Drugs were obtained from the following sources: α-chloralose, dl-homocysteic acid and atenolol from Sigma Aldrich Chemical Co., Poole, Dorset, UK; pentobarbitone sodium from Rhône Mérieux Ltd, Harlow, Essex, UK; Pontamine Sky Blue dye from BDH, Poole, Dorset, UK; Gelofusine from Braun Medical Ltd, Aylesbury, Bucks, UK; phenylbiguanide from Research Biochemicals, Semat Technical Ltd, St Albans, Herts, UK, and vecuronium bromide from Organon Technika Ltd, Cambridge, UK.

RESULTS

A total of 11 antidromically identified vagal preganglionic neurones with axons in the cardiac branches of the vagus nerve were recorded in this study. They had calculated axon conduction velocities within the B-fibre range (5.9-18.0 m s−1, a mean of 11.4 ± 0.9 m s−1).
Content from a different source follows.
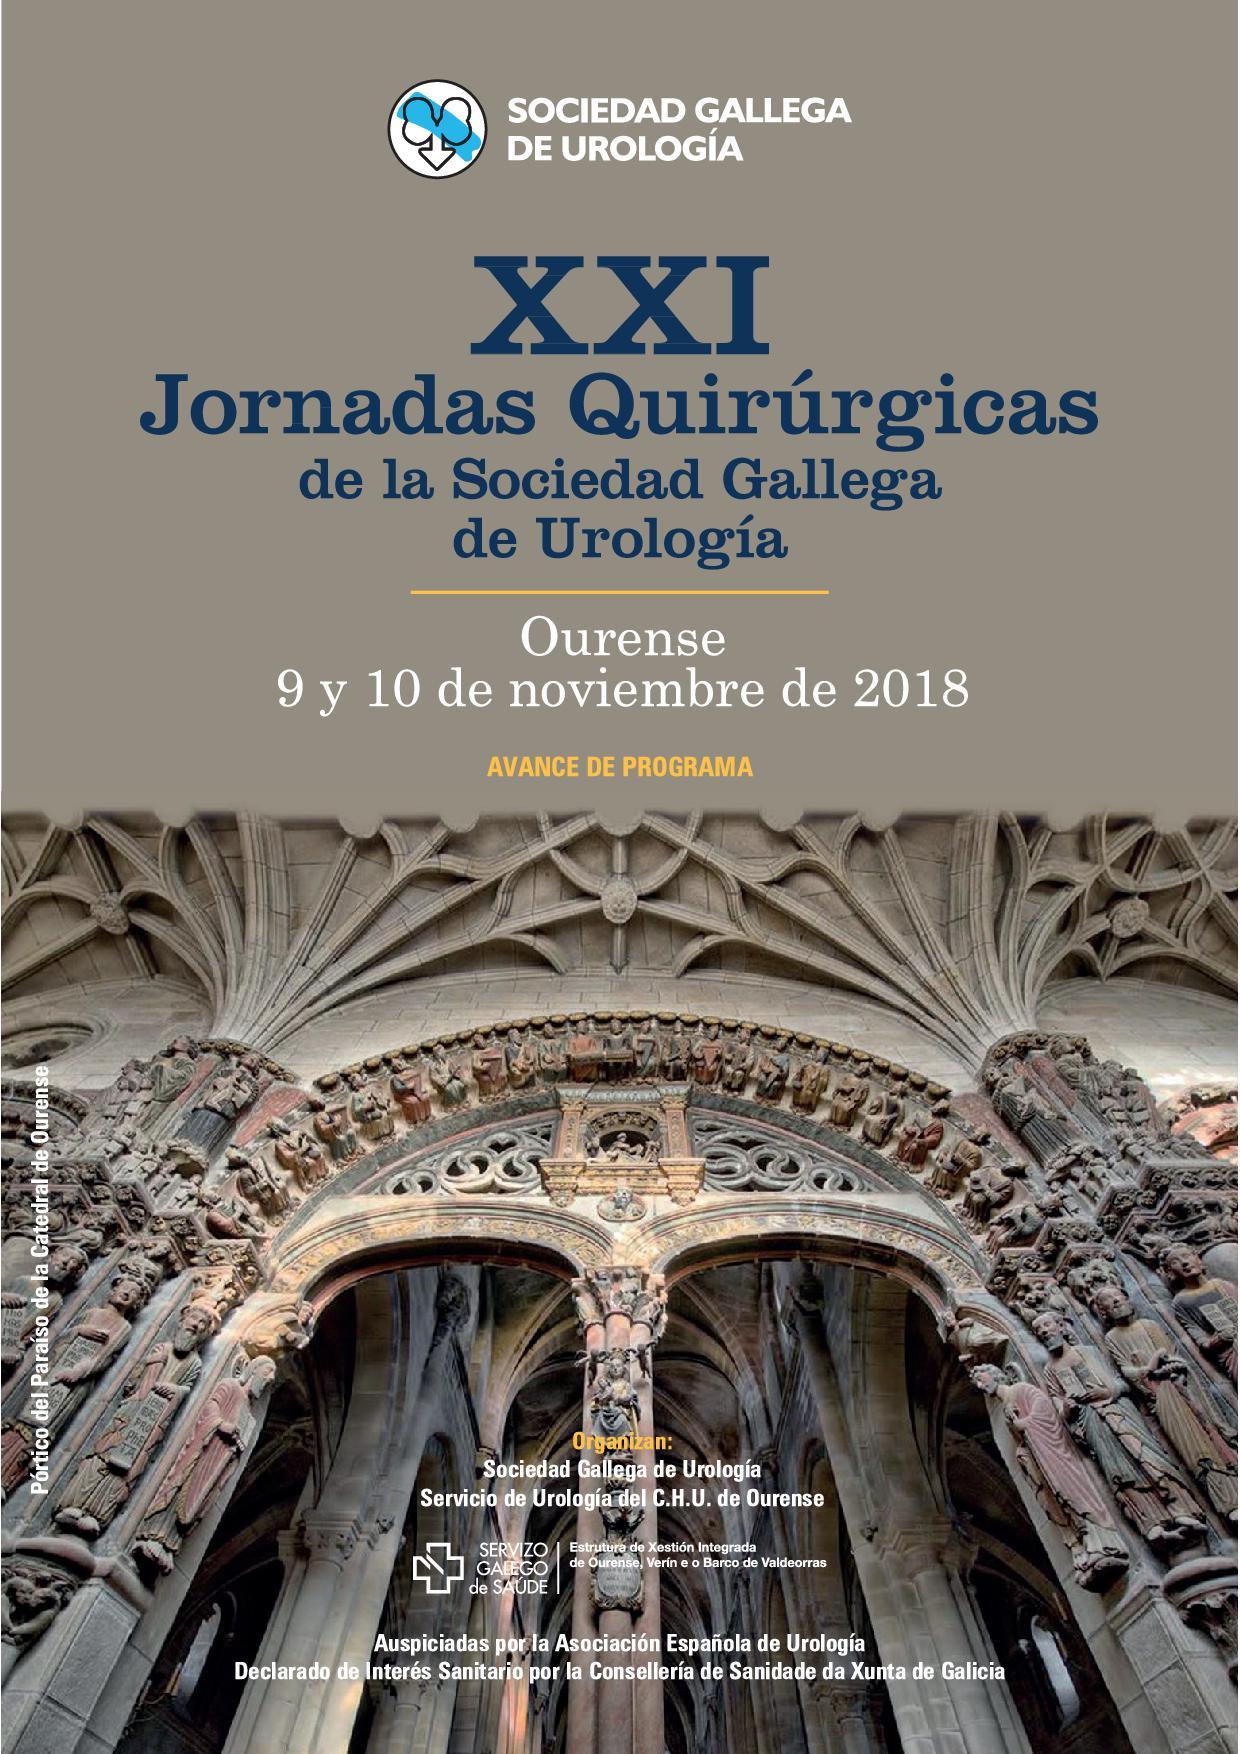 XXI Jornadas Quirúrgicas de la Sociedad Gallega de Urología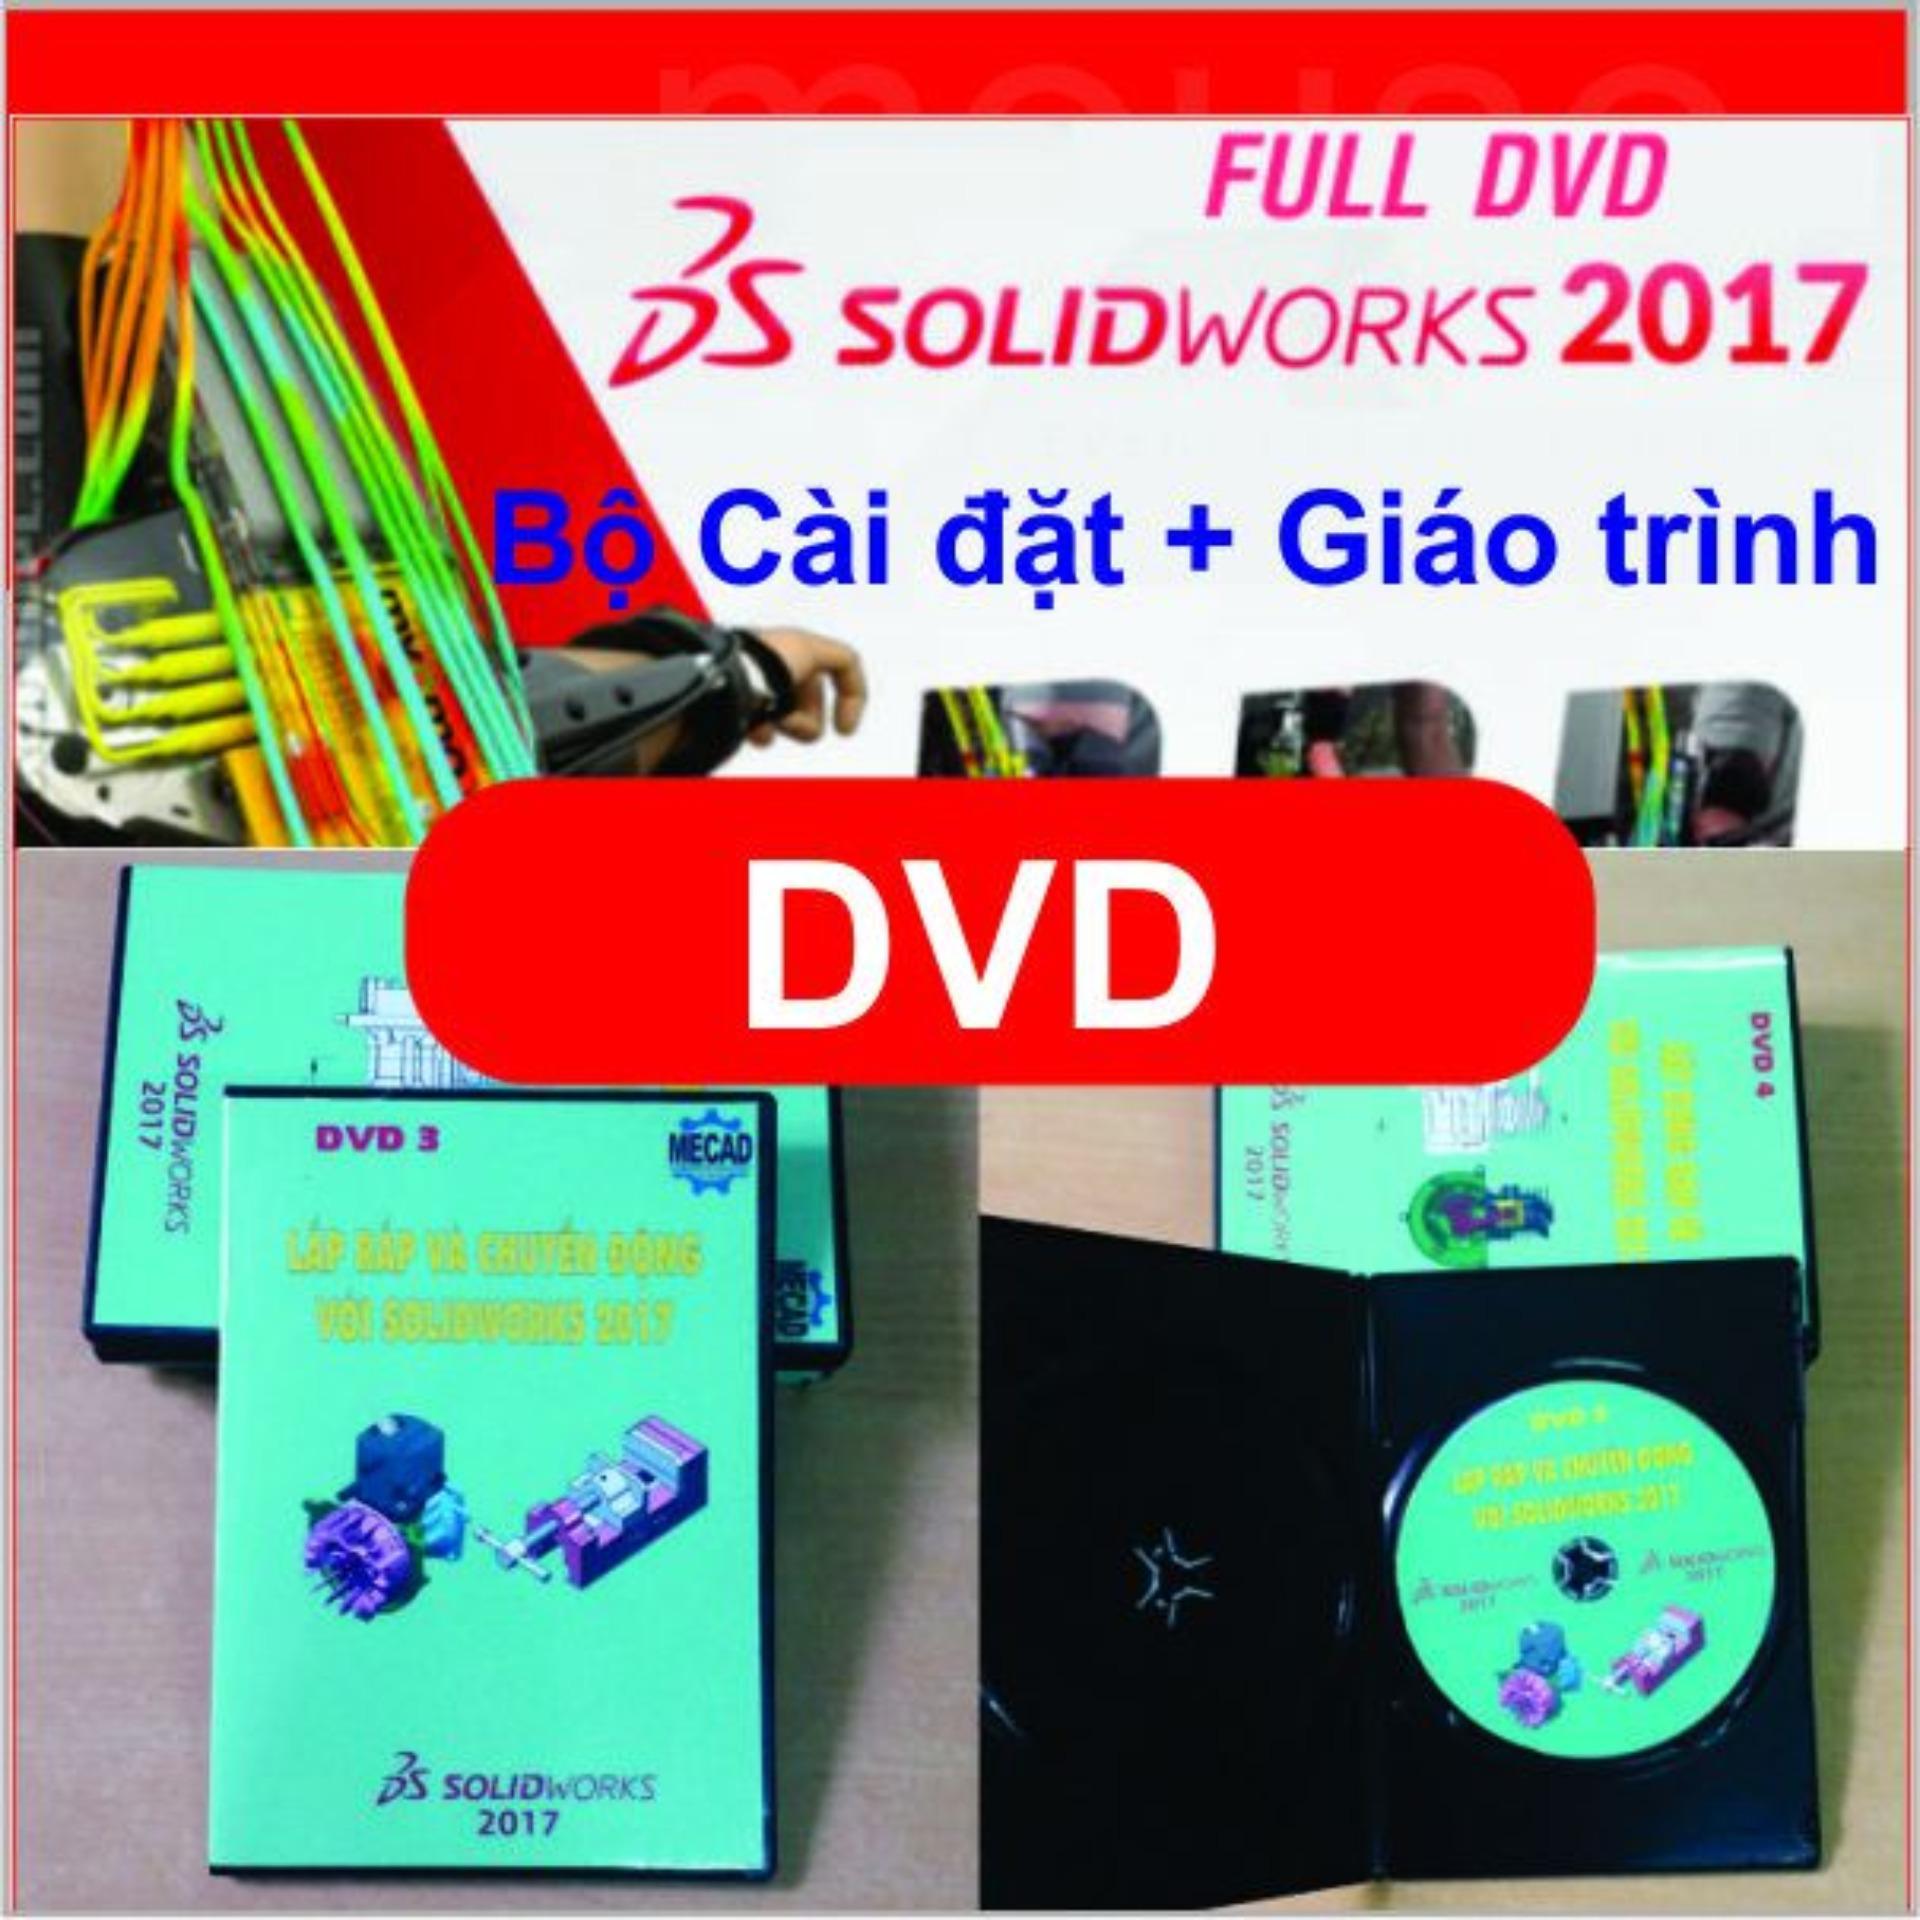 Hình ảnh Bộ DVD Solidworks 2017

The recording sites of six of these were localized by pontamine injection and another two were recorded in very close proximity to a previously marked site. These sites were located within or ventrolateral to the nucleus ambiguus (Fig. 2). Based on the depth and rostro-caudal position of the recording electrode the other three B-fibre cardiac projecting neurones were considered also to be in this same region. Baseline values (means ±s.d.) were; mean arterial blood pressure 101 ± 5 mmHg; heart rate 160 ± 23 beats min−1; tracheal pressure, inflation and deflation, 5.4 ± 2.5 and 2.1 ± 0.7 mmHg, respectively; PO2 141 ± 27 mmHg; PCO2 38 ± 10 mmHg and pH 7.32 ± 0.05.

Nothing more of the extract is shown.